A Proposal to Reduce Licence Fees for 20%
22. On 27 September, the Secretary for Housing received direct representations from the office-bearers of five estate agency trade associations and two LegCo Members. They expressed strong views on various issues including licence fees which should be reduced by 50%. The Secretary for Housing undertook to pass their views to the EAA through the Chairman. The Secretary for Housing wrote in the letter, "In view of the very strong reaction from these LegCo Members and the trade, I am sure that the EAA will wish to meet the five trade associations at an early date. The EAA may also wish to examine the whole issue of the operations of the EAA again, in particular, how the accumulated surplus is to be used, the level of licence fees for the coming year, communication between the trade and the EAA, progress on the Central Information Data Bank and other issues." The EAA held a special meeting on 14 October during which a majority of Members voted to reduce licence fees by 20 per cent.
23. The income of the EAA, as noted before, is chiefly dependent on the number of licensees. However, the trade is well known for the high mobility of its members. In the circumstances the general view is that there will be considerable manpower attrition in the trade due to poor business and increase in operation costs after November, and the EAA has offset it with the projected inflow of new entrants to give a net attrition of 20% by the beginning of 2000. This figure may be subject to further attrition by about 10% at the end of the three-year grace period (i.e., 31st December 2001), by which time some practitioners may leave the trade owing to failure at the qualifying examinations.
24. In preparing its budget, the EAA exercised great restraint and made appropriate provisions for financial stringency including the freezing of staff establishment at the 1999/2000 level, employment contracts of specified duration, from two to three years, to provide for greater flexibility in headcount control, and the general application of the "added value" principle.
25. Financial projections have been prepared for five years and are at the Annex. On the basis of these projections, the reduction in fees will cause a depletion of the cumulative surplus.

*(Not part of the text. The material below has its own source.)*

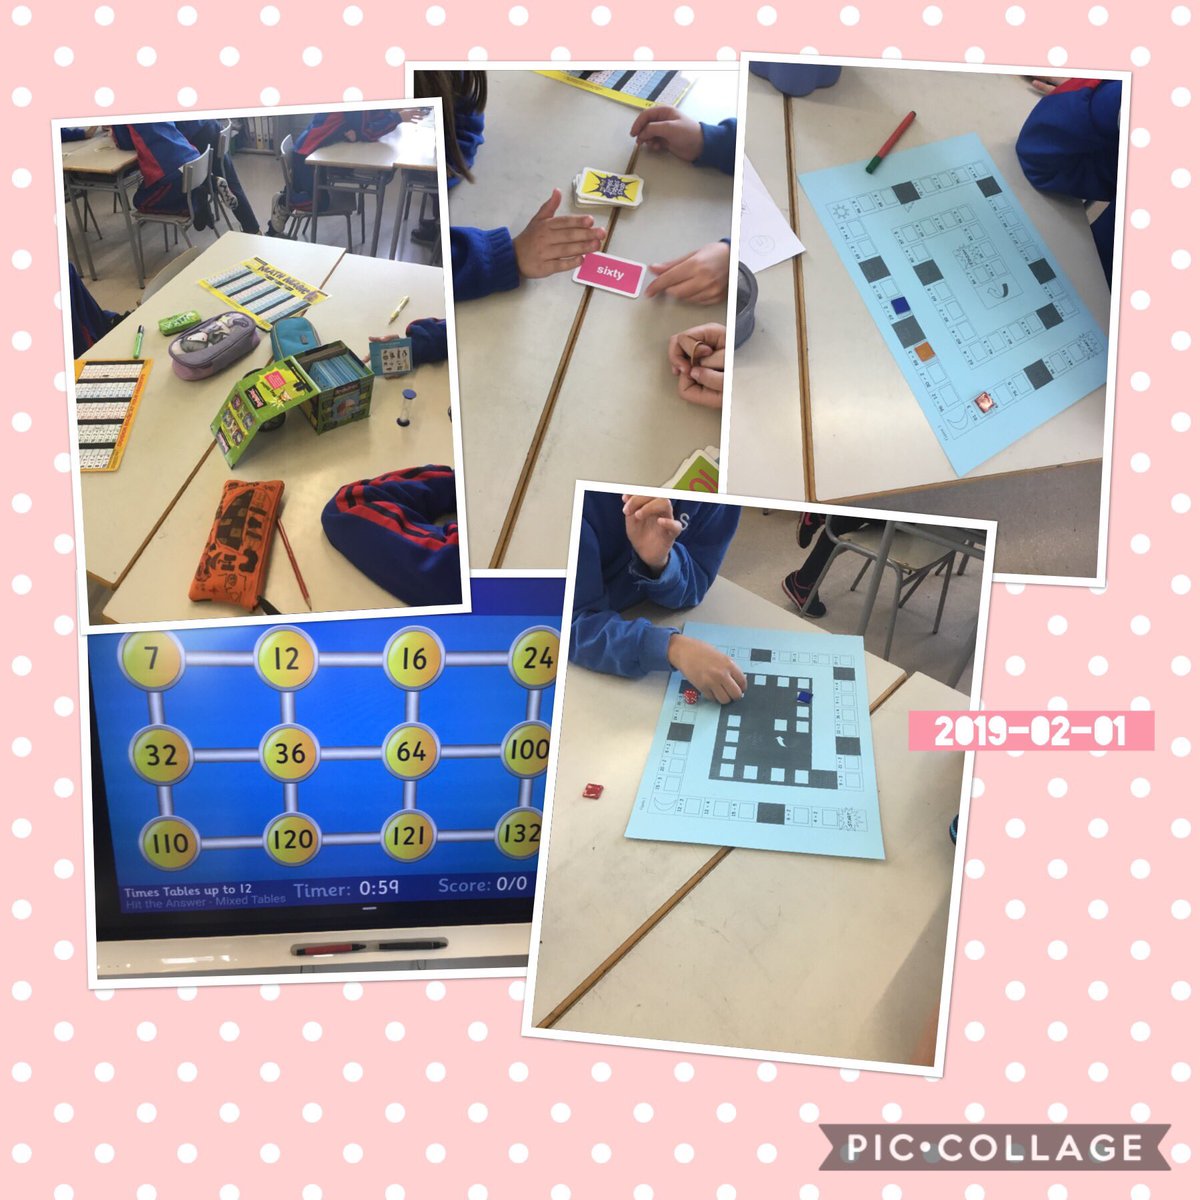 To celebrate finishing x and division we played some active maths games to practice and hone our skills. #mathsisfun #Y5DRAGONS @BSB_Barcelona
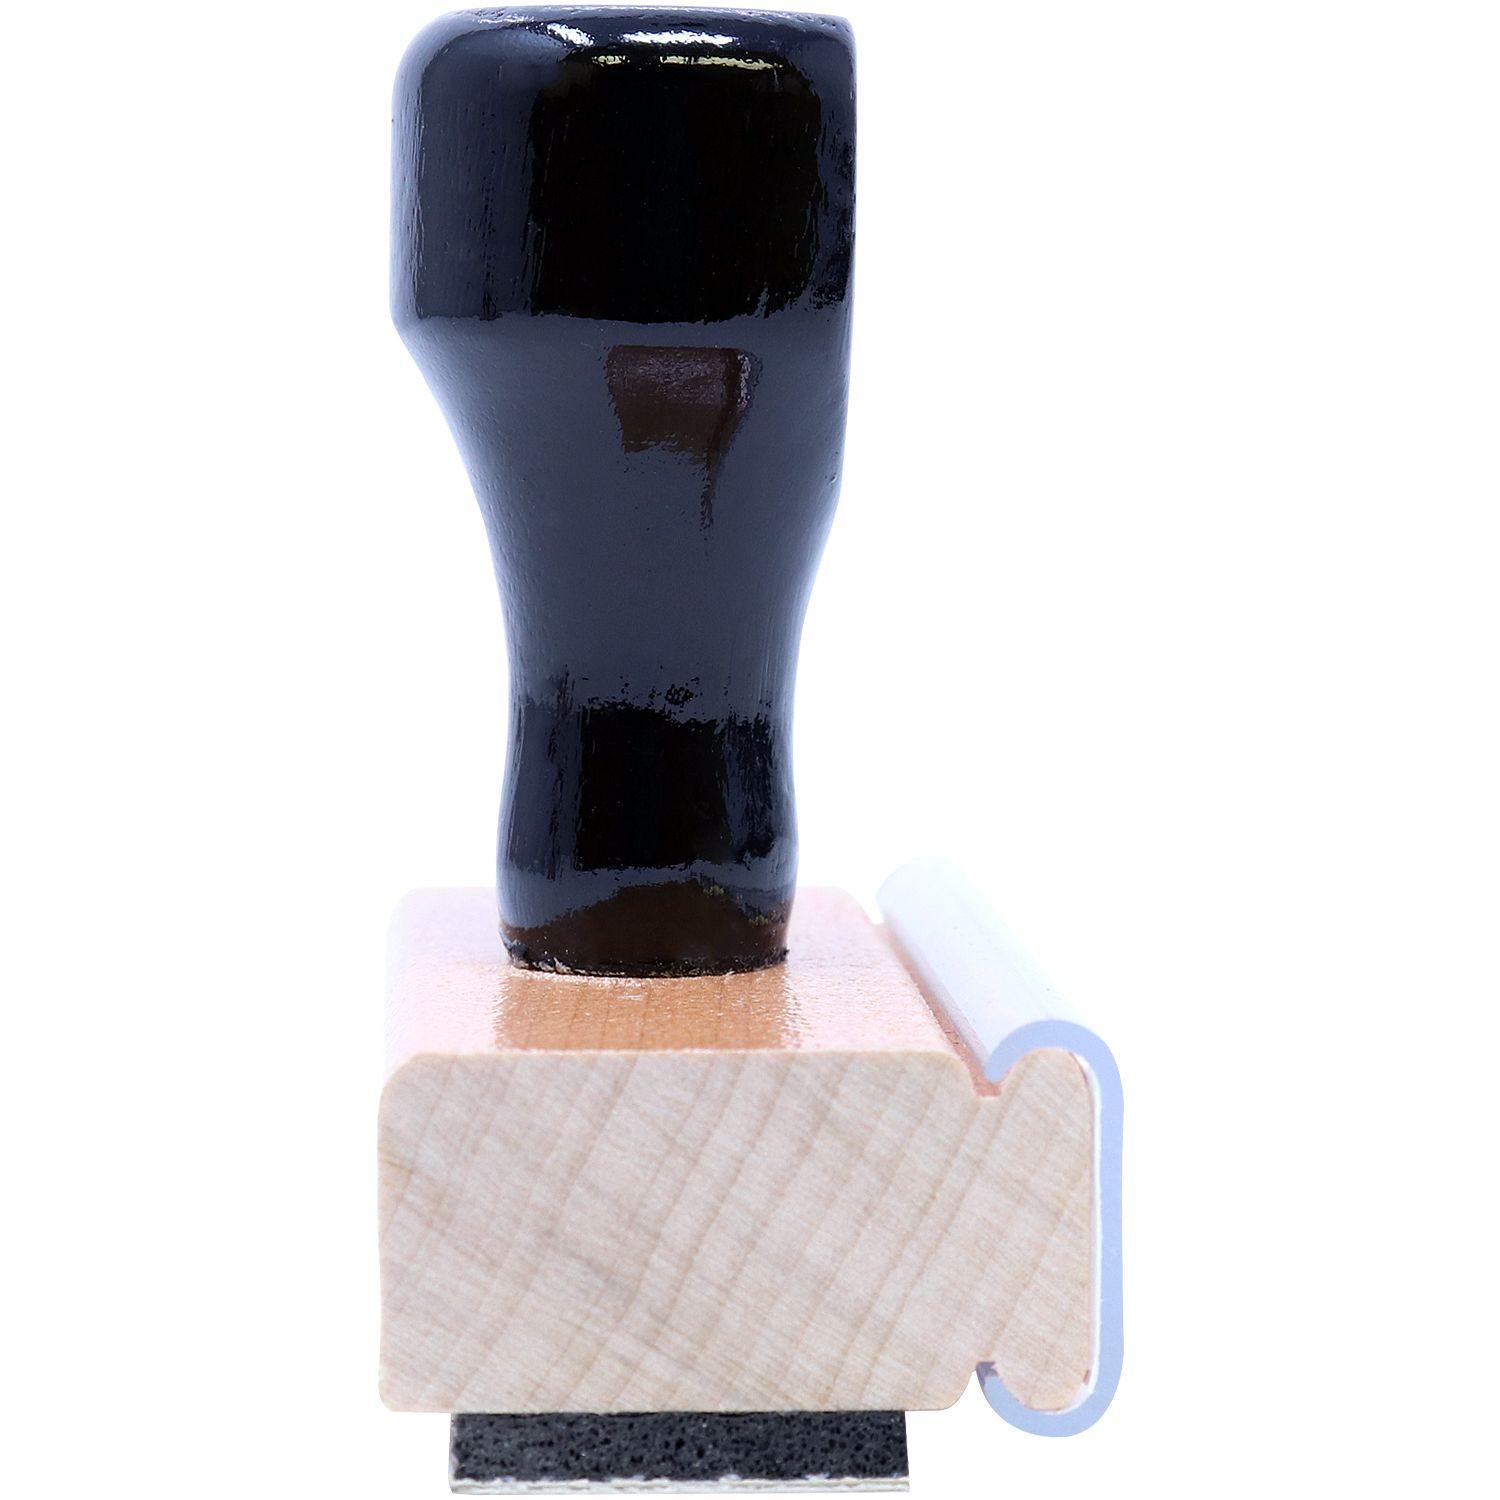 Narrow Expedite Rubber Stamp - Engineer Seal Stamps - Brand_Acorn, Impression Size_Small, Stamp Type_Regular Stamp, Type of Use_Postal & Mailing, Type of Use_Shipping & Receiving

With a 20% reduction in licence fees, it is expected that this surplus will be depleted by about 50% in two years' time, and the Authority's cumulative surplus can still be kept at about 25% of the following year's expenditure. According to these projections, the cumulative surplus will deplete in its entirety by the 2004/05 financial year.
26. In order that the Authority will have the resources to discharge its various statutory duties and that it will not be unduly affected by the decrease in income caused by licence fee reduction, the EAA will review the allocation of its resources from time to time to ensure a high standard of cost effectiveness. It will continue to pursue training for the trade and community education, the handling of complaints, and to prepare for the establishment of the Central Property Databank. In addition, provision will be made for possible litigation expenses arising from enforcement activities.
27. When the large-scale licence renewal exercise completes in January 2000, the EAA will be able to have more definite figures with regard to the number of practitioners of the estate agency trade. Review will then be made as the stability of fees will depend very much on the stability in the size of the trade population. If necessary, the Authority may consider applying to the Housing Bureau and the LegCo for adjustment of licence fees in order to keep its accounts balanced.